Odysseus once invited us to participate in a peyote ceremony near Bad Boy Lake. That was our first experience with the shiver and mirage of peyote visions and stories, and it would be our last. We learned to trust our own creative sight and stories in the wild thrust of peyote visions that night, to trust the natural tease of bright colors, dreams, totems, and the touch of native mysteries.
Maybe we would return to peyote visions when we were older and not so curious about the secrets of the natural world. Yes, we understood that peyote was another sense of native presence, but we were not mature enough at the time to compare the mighty flight of peyote and natural teases of visions and stories.

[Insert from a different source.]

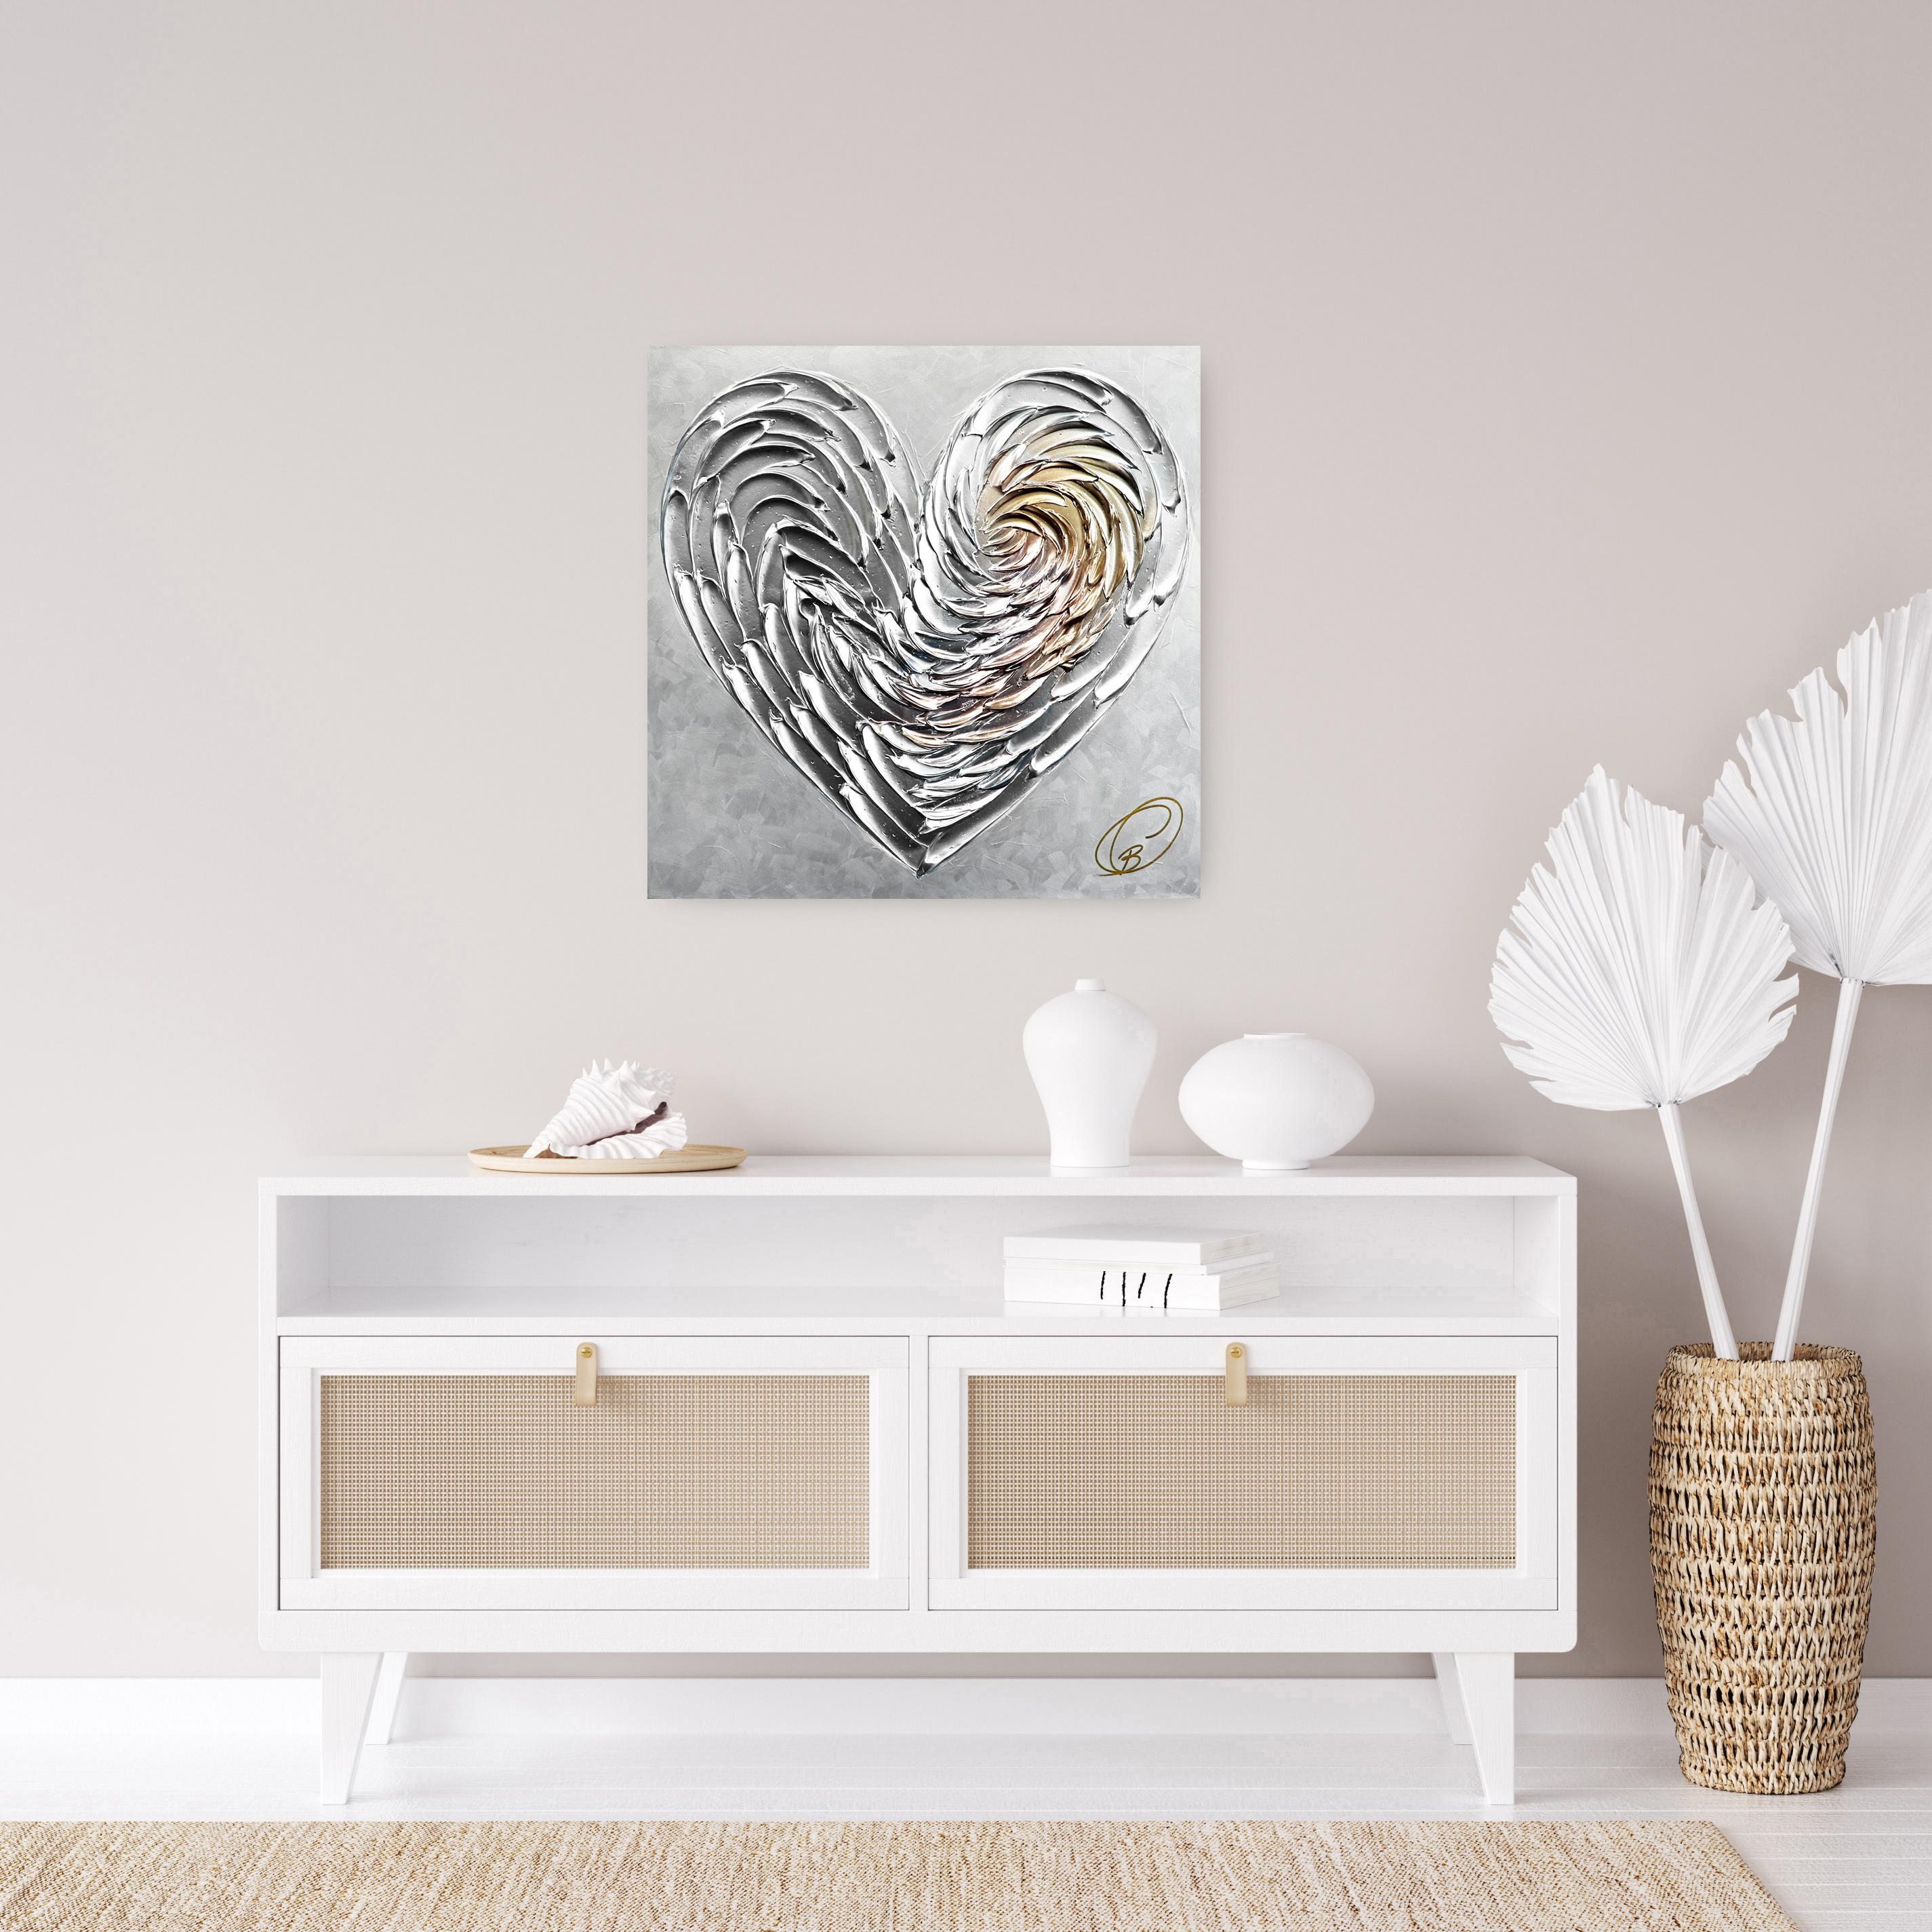 L'Incroyable Coeur D'Amour - Impasto Thick Paint Original Silver Heart Artwork - Painting by Cynthia Coulombe Bégin

Misaabe was our native teacher and the mongrels were our healers. We wondered, of course, why the old healer had not taken part in the peyote ceremonies near his cabin. Peyote customs and songs in the woods were natural attractions, but the old healer was evasive. He told us stories about a giant native who once had such intense peyote visions about moths and praying mantis he could never escape a miniature sense of his presence. He forever waved his arms as a moth to the light and walked slowly with the mantis. The giant hunted insects and soon vanished without a shadow.
Misaabe told the story of the giant native and the mantis in the faint lantern light of the cabin. The moths rebounded on the globe. The mongrels moaned over the stories, and we wondered if the tiny old healer, our teacher and best friend, was once the very native giant in his story. Misaabe might have been the giant who lost his shadow and returned to the reservation with his mongrel healers. The old healer, the mongrels, and the namesake boy rescued each other.
Odysseus arrived on the reservation that summer with a new song entitled “Unreconstructed Rebel” to tease the federal agent who had taunted him about the music of the American Civil War. When we heard the unmistakable voice of the trader we rushed out of the stable and tried to sing along but the words were not familiar.